Era la notte del 26 aprile 1986, una notte calda con il cielo terso. Molti sentirono un grande boato ed alcune persone videro uno strano fenomeno di bagliori dai tetti più alti; questi spettatori, in maniera diretta, si sottoposero a mortali dosi di radiazioni.
Il giorno dopo, esattamente il 27 aprile, molti lavoratori erano in ferie per il ponte del primo maggio, una bellissima giornata molta gente in giro con i bambini che giocavano spensierati, all’improvviso due militari coperti da tute mimetiche e maschere a gas turbarono la quiete di quella giornata, gli abitanti avevano assorbito 50 volte quella che è la dose di radiazioni ritenuta dannosa.
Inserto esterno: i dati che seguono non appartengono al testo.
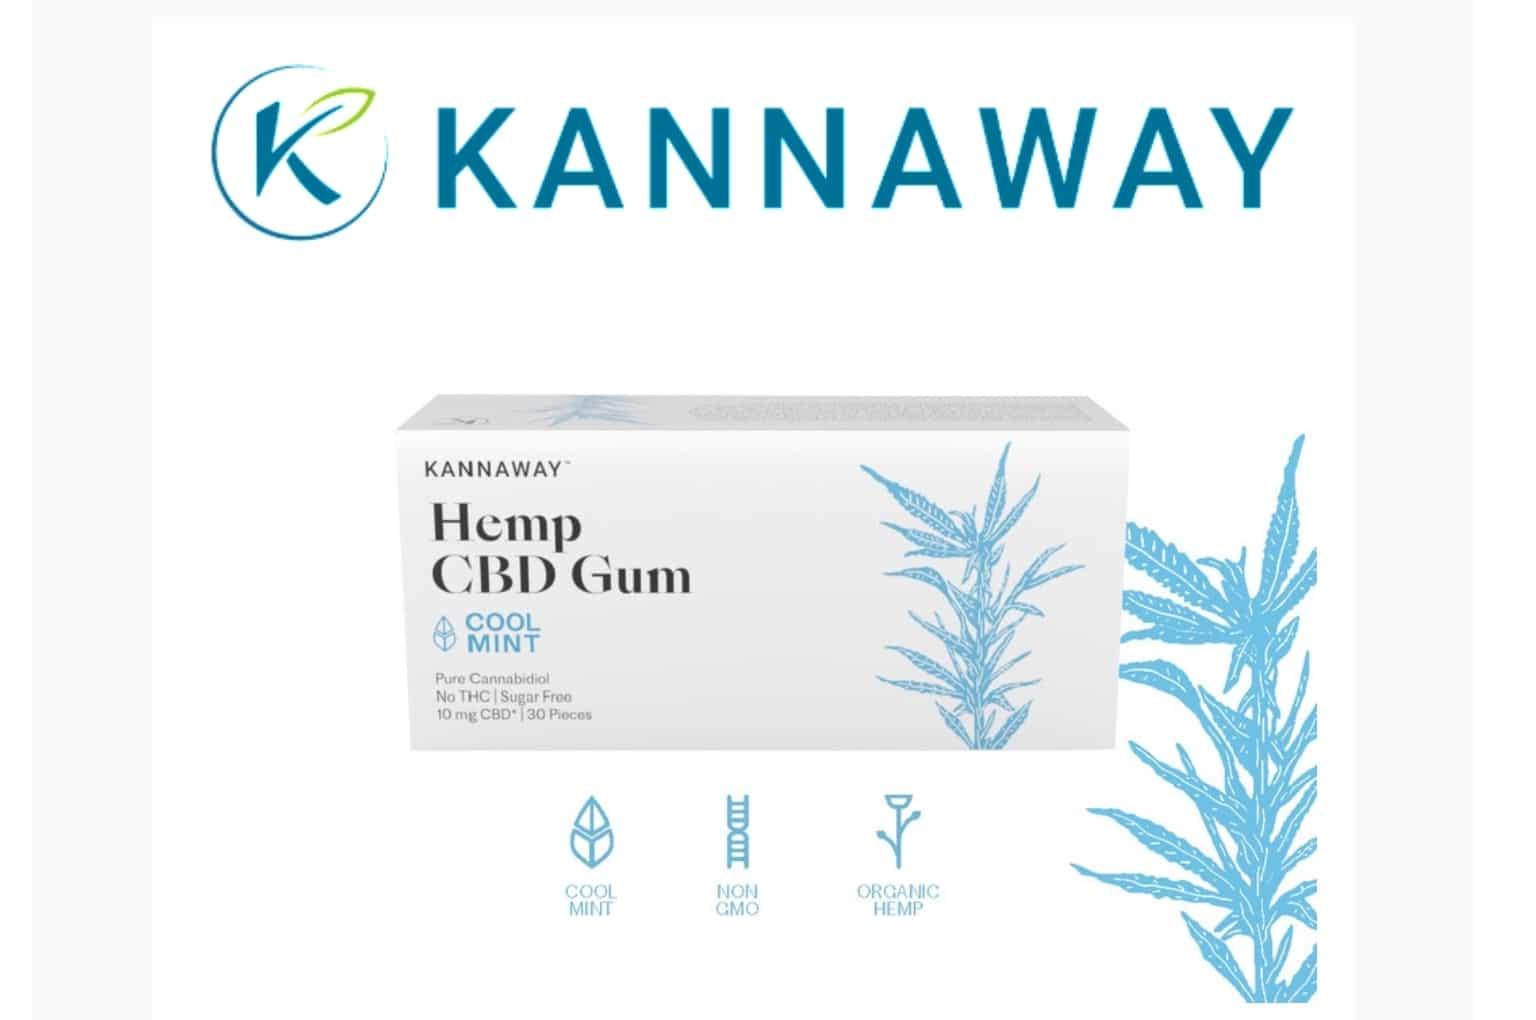 Kannaway Launches New Hemp CBD Gum – Cosmique UK

Arrivarono ben 1200 autobus da Kiev per far evacuare la città in fretta e furia, ma nulla fu rivelato, anzi fu lasciato intendere agli abitanti che sarebbero tornati al massimo entro tre giorni.
Sono passati ormai 34 anni dal triste giorno dell’evacuazione, nessuno ha più fatto ritorno alle proprie abitazioni, ormai rese inabitabili oltre che dalle radiazioni anche dall’incuria e dal tempo.
Oggi simbolo della città è la famosa ruota panoramica, all’interno del parco giochi, mai inaugurato e che mai prese vita a causa della tragedia.
Uno scherzo atroce del destino per questa città che ha trovato per mano della centrale, la sua nascita e la sua morte.